463097 Systematic Process Design of Cumene Process

Monday, November 14, 2016
Grand Ballroom B (Hilton San Francisco Union Square)
Kristian R. K. Krum, Joachim Thrane and Christian B. Schandel, Department of Chemical Engineering, DTU, Kongens Lyngby, Denmark

Cumene is produced industrially by the alkylation of benzene with propylene, and is one of the primary uses of benzene. Production of cumene is gaining more interest due to increasing market demands, and is used almost exclusively as a chemical intermediate for production of phenol and acetone [1].

In this work, a sustainable conceptual design of a cumene process has been developed, using a systematic, hierarchical, twelve step approach [2]. The process design has an annual cumene production of 4.1∙105 metric tons, with a purity of 99.97 wt%. The process includes an alkylation reactor, and a transalkylation reactor. Benzene and propylene (which contains a 5% propane impurity) are fed to the alkylation reactor in a ratio of 3:1, where the main alkylation reaction occurs, as well as two side reactions producing di-isopropylbenzene (DIPB) and 1-hexene. In the transalkylation reactor, DIPB reacts with benzene to form additional cumene, thus increasing the yield [3]. The alkylation reactor outlet consists of a multi-component mixture of propane, propylene, 1-hexene, benzene, cumene and DIPB. First, a flash separation is performed for the separation of propane and 1-hexene. The overhead of the flash also contains benzene, and is sent to a distillation column where benzene is recovered in the bottom product and recycled to the alkylation reactor, and the overhead is further sent to another distillation column to separate propane from 1-hexene. Propane is sold as LPG and 1-hexene is purged. The bottom product of the flash is sent to a distillation column to separate benzene from cumene, and benzene is recycled back to the alkylation reactor. The bottom product is sent to another distillation column to separate cumene from DIPB, and DIPB is sent to the transalkylation reactor, where additional benzene is also fed in a ratio of 1:1. The effluents of the transalkylation reactor consists of benzene, cumene and DIPB, and is recycled back into the separation train, where it is mixed with the bottom product of the flash. This design will be considered the base case design of the process, and has been evaluated for further improvement.

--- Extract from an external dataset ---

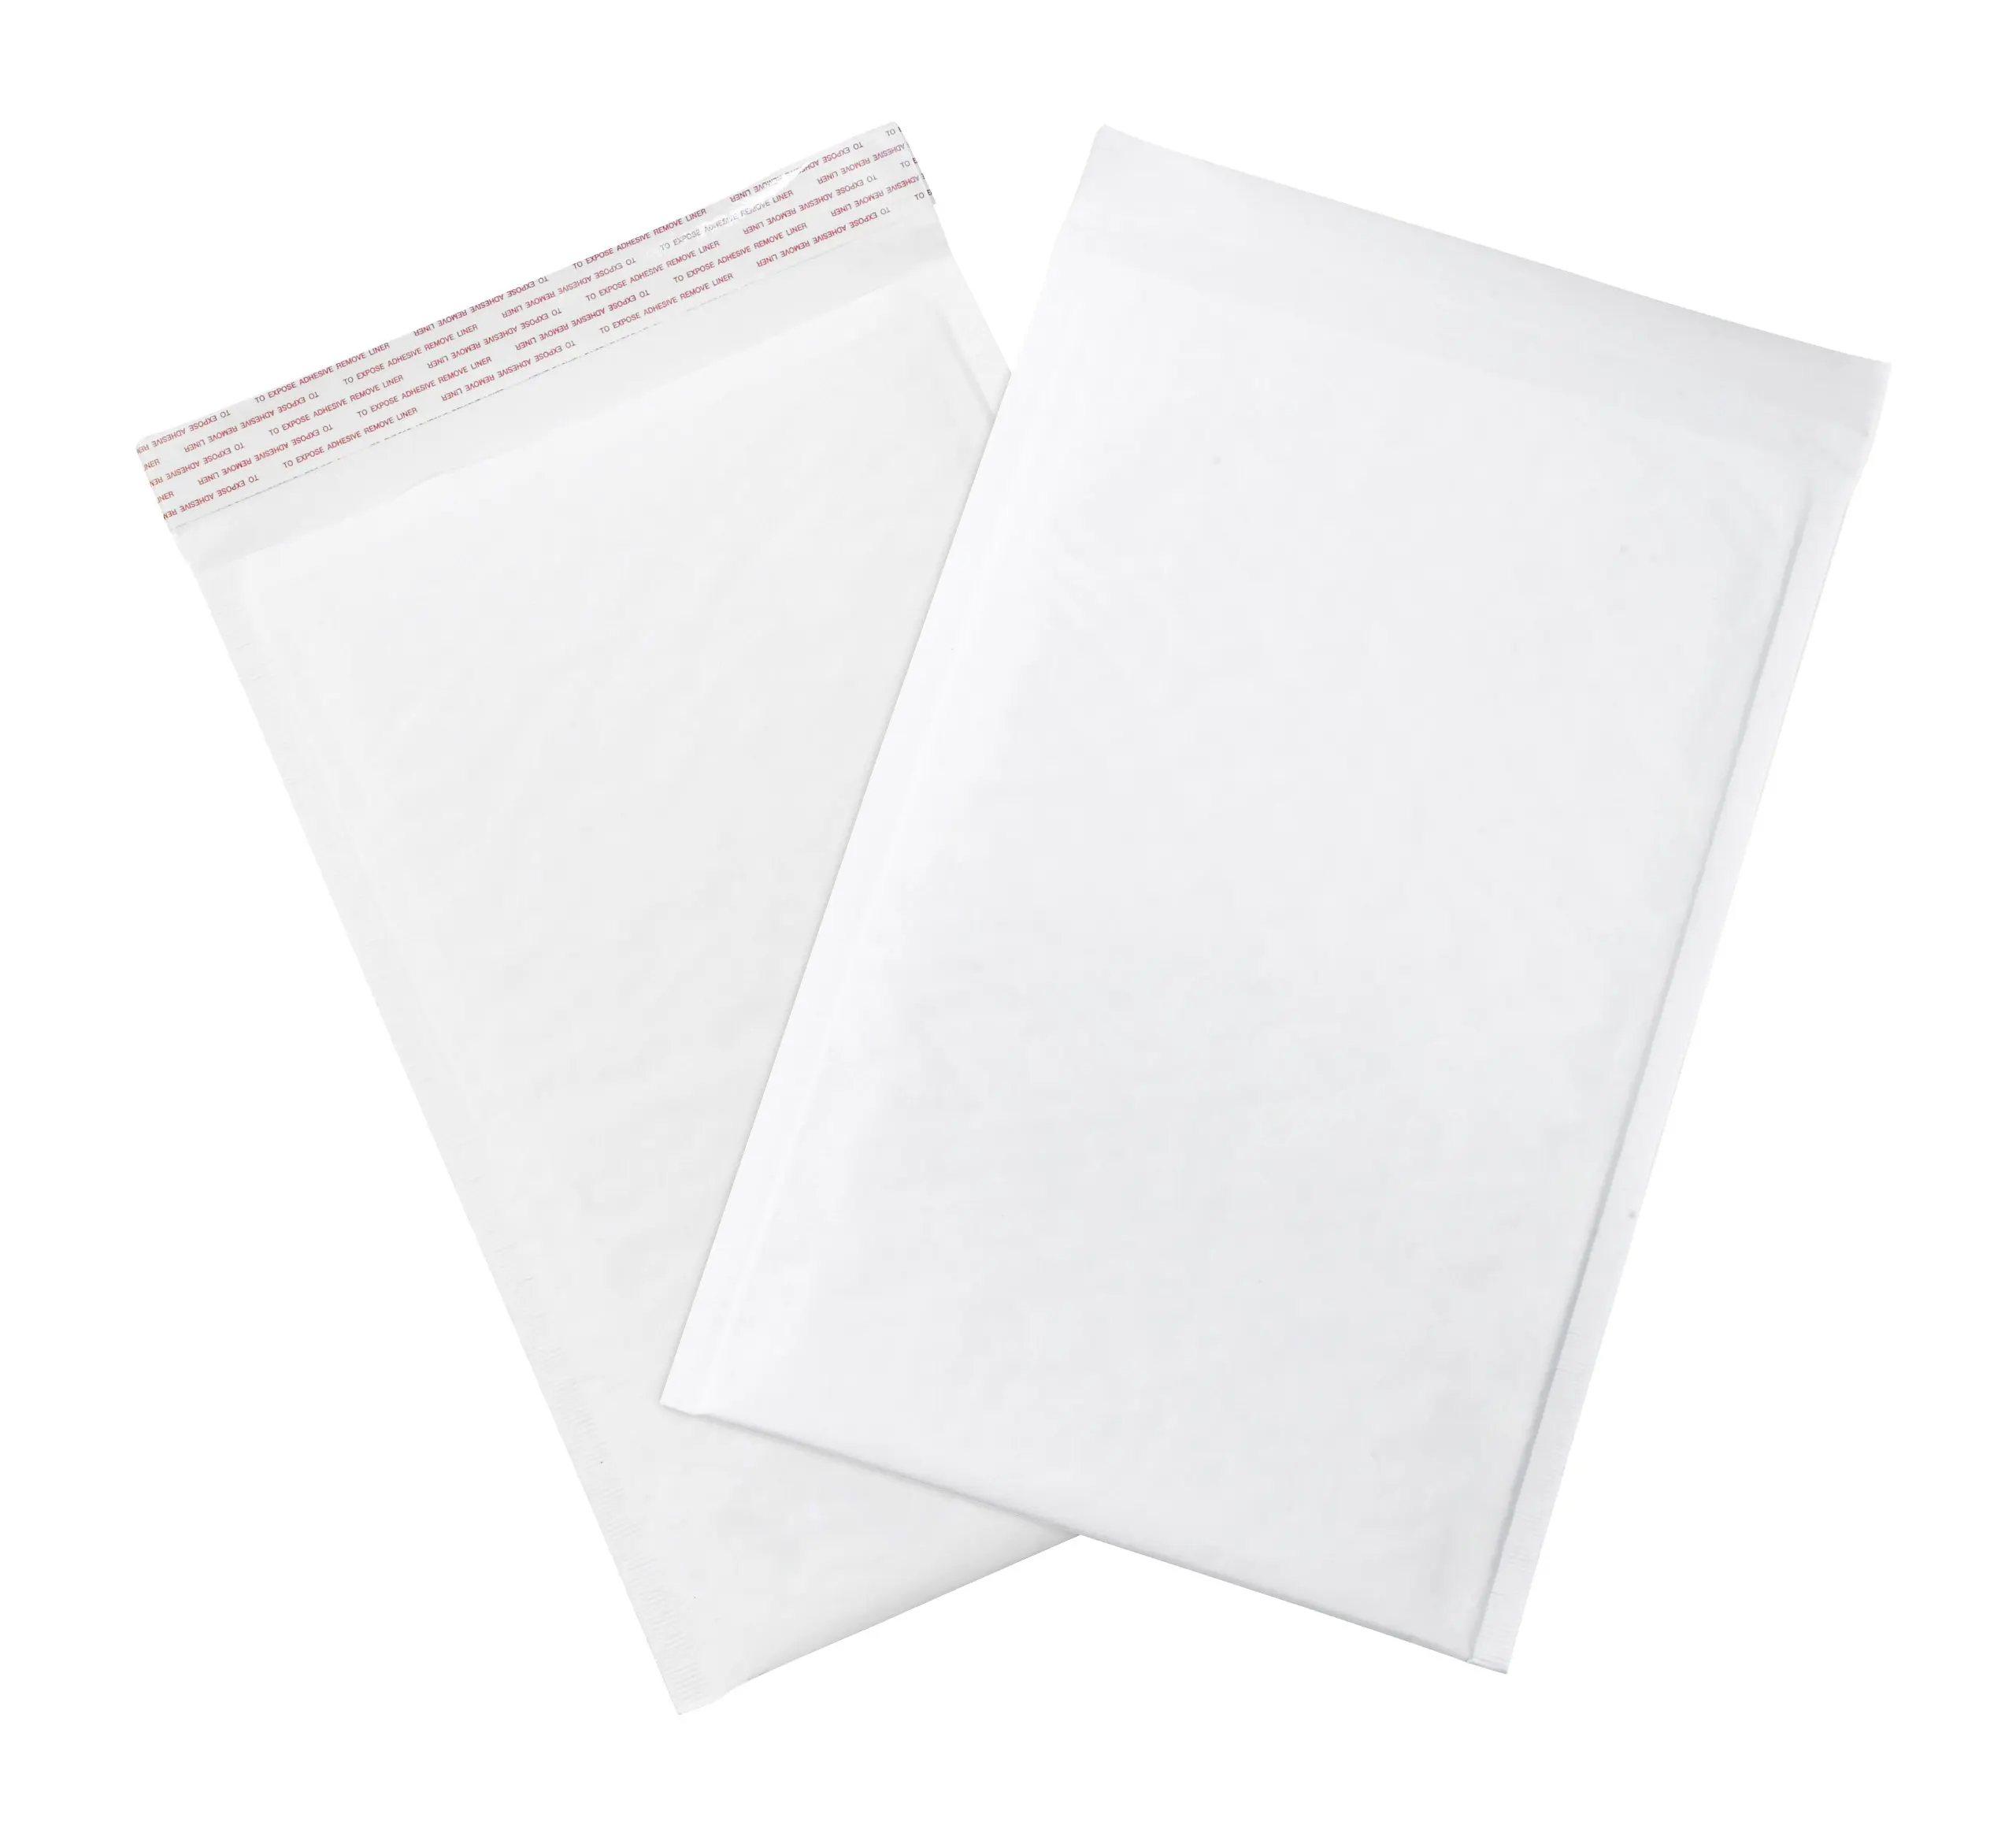 Eco-Friendly Bubble Mailer Shipping Envelopes with Self Adhesive Strip Golden Self-Seal Padded Envelopes HAI-RAAN 000 Kraft Bubble Mailers 4x8 50 Pack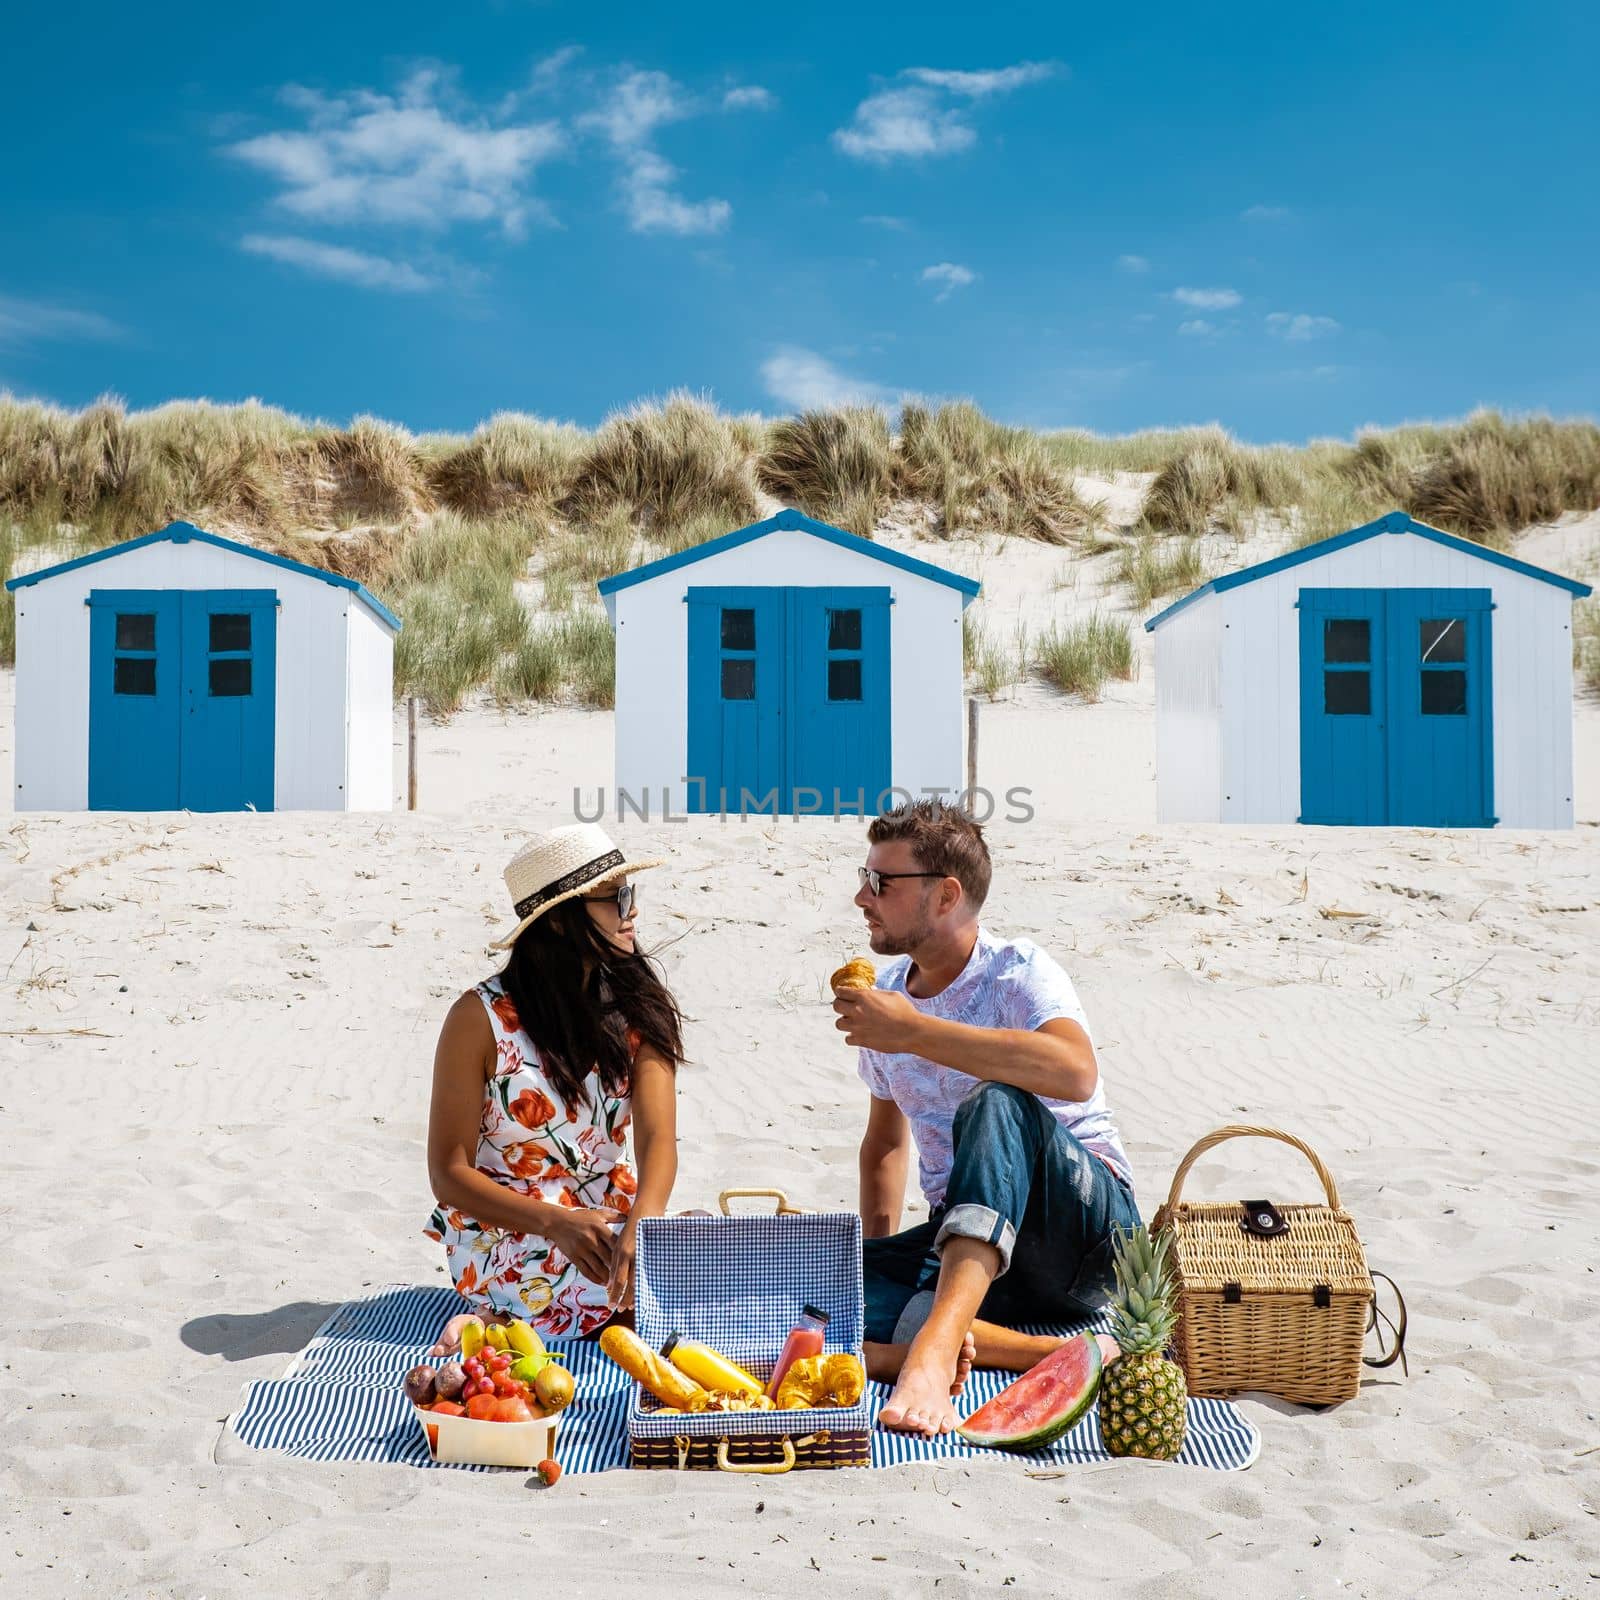 Picnic on the beach Texel Netherlands, couple having picnic on the beach of Texel  by fokkebok

The base case process design was subjected to an analysis including economics, sustainability indicators and life cycle assessment factors, where targets of improvement were identified. The targets were addressed through targeted process re-design, process optimization and heat-mass integration, in order to improve the economics of the process. Through a sustainability analysis and life cycle analysis, targets of improvement related to sustainability of the process were identified. Based on these targets, the sustainability of the process design was improved. The final process design has thus been improved w.r.t. both economic viability and sustainability, including an assessment of the environmental impacts. This poster will present systematic design of the process, including economic and sustainability results of the base case design as well as optimized cases.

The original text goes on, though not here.